Federation says at the heart of all this crisis is a monopoly capitalist system
Soweto 1976: What do today’s youth have to celebrate?
On Saturday 16 June, the South African Federation of Trade Unions will join millions of South African in honouring the memory of the young heroes and heroines who sacrificed their lives on this day in 1976 in Soweto.
Between 5,000 and 15,000 students walked out of their schools and assembled for a march to Orlando Stadium to protest against the Afrikaans Medium Decree, which declared that all black children should be taught equally in English and Afrikaans.
When the marchers refused to disperse, police fired tear gas and unleashed a police dog into the crowd. Then, without warning, they opened fire on the unarmed students. One of the first to be hit was 12-year-old Hector Pieterson, who was photographed being carried toward a nearby clinic by fellow student Mbuyisa Makhubo. Up to 200 others were killed by police bullets.

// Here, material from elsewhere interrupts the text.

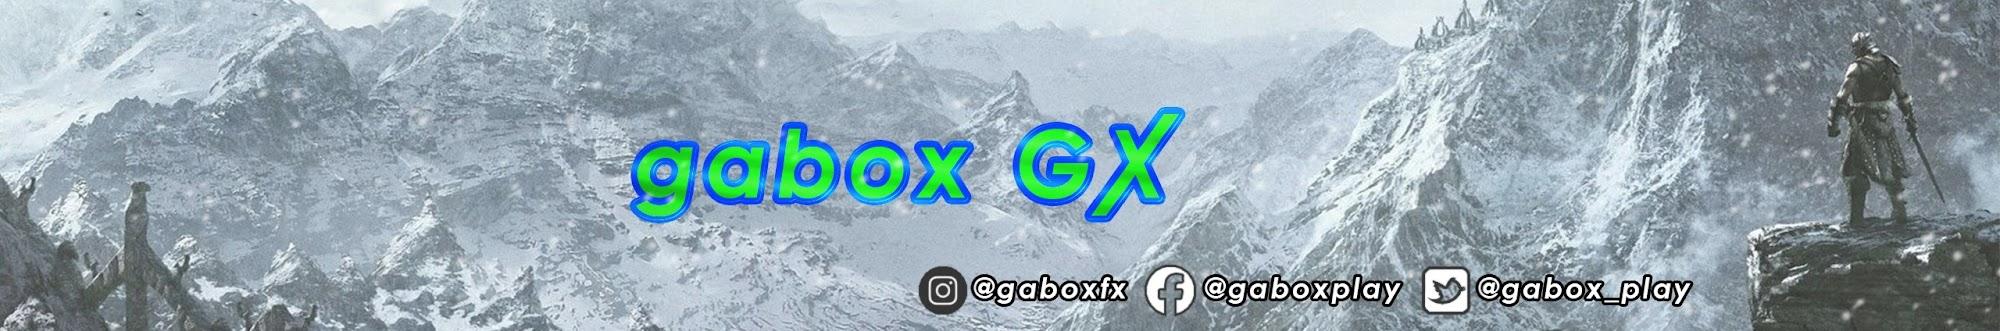 gabox GX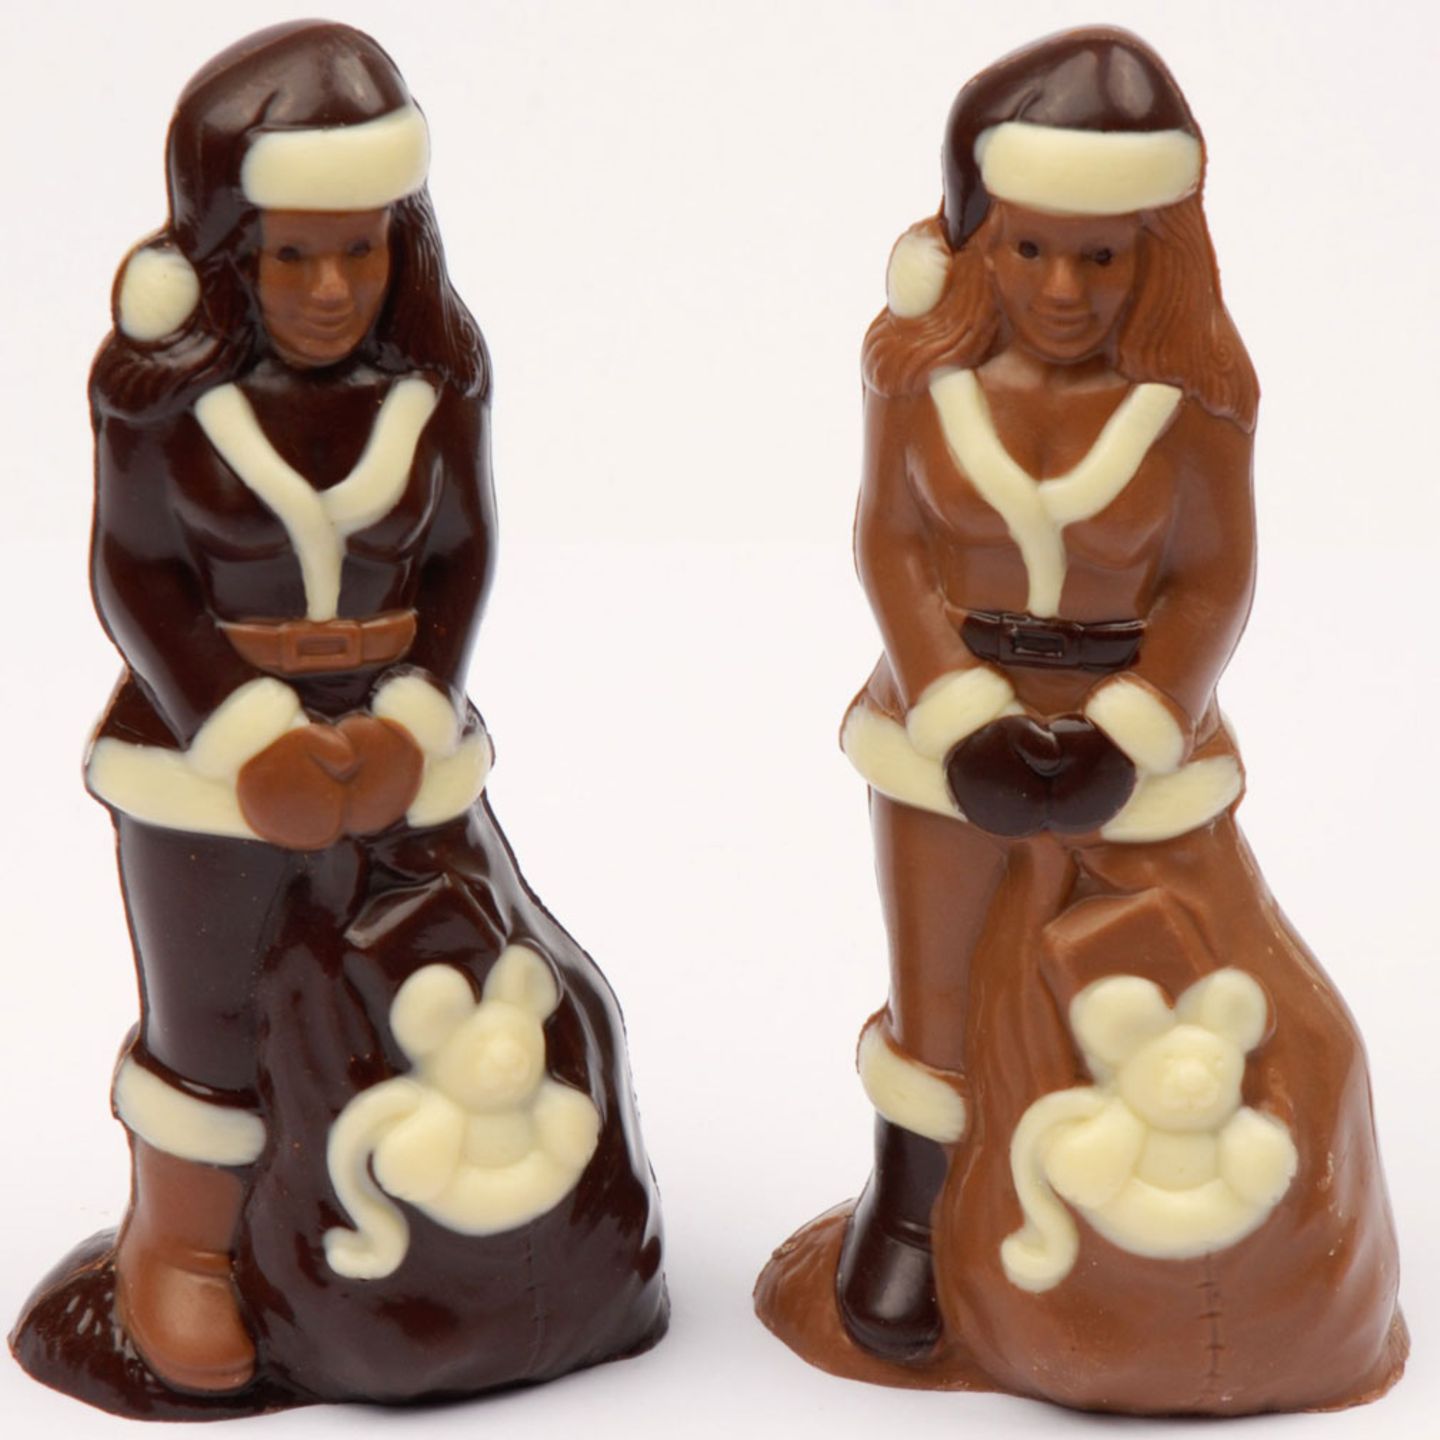 Weihnachtsfrau aus Schokolade

The protests rapidly spread throughout the country and set in motion a wave of revolt which escalated into the revolutionary upsurge which ultimately led to the democratic breakthrough of 1994. All workers will be forever in debt to the youth of 1976 and must never forget these martyrs of the liberation struggle.
The spirit of these youth lives on the the #Feesmustfall campaign, and SAFTU salutes the students who demonstrated the power of unity and won a partial victory when they forced a government to address their demands.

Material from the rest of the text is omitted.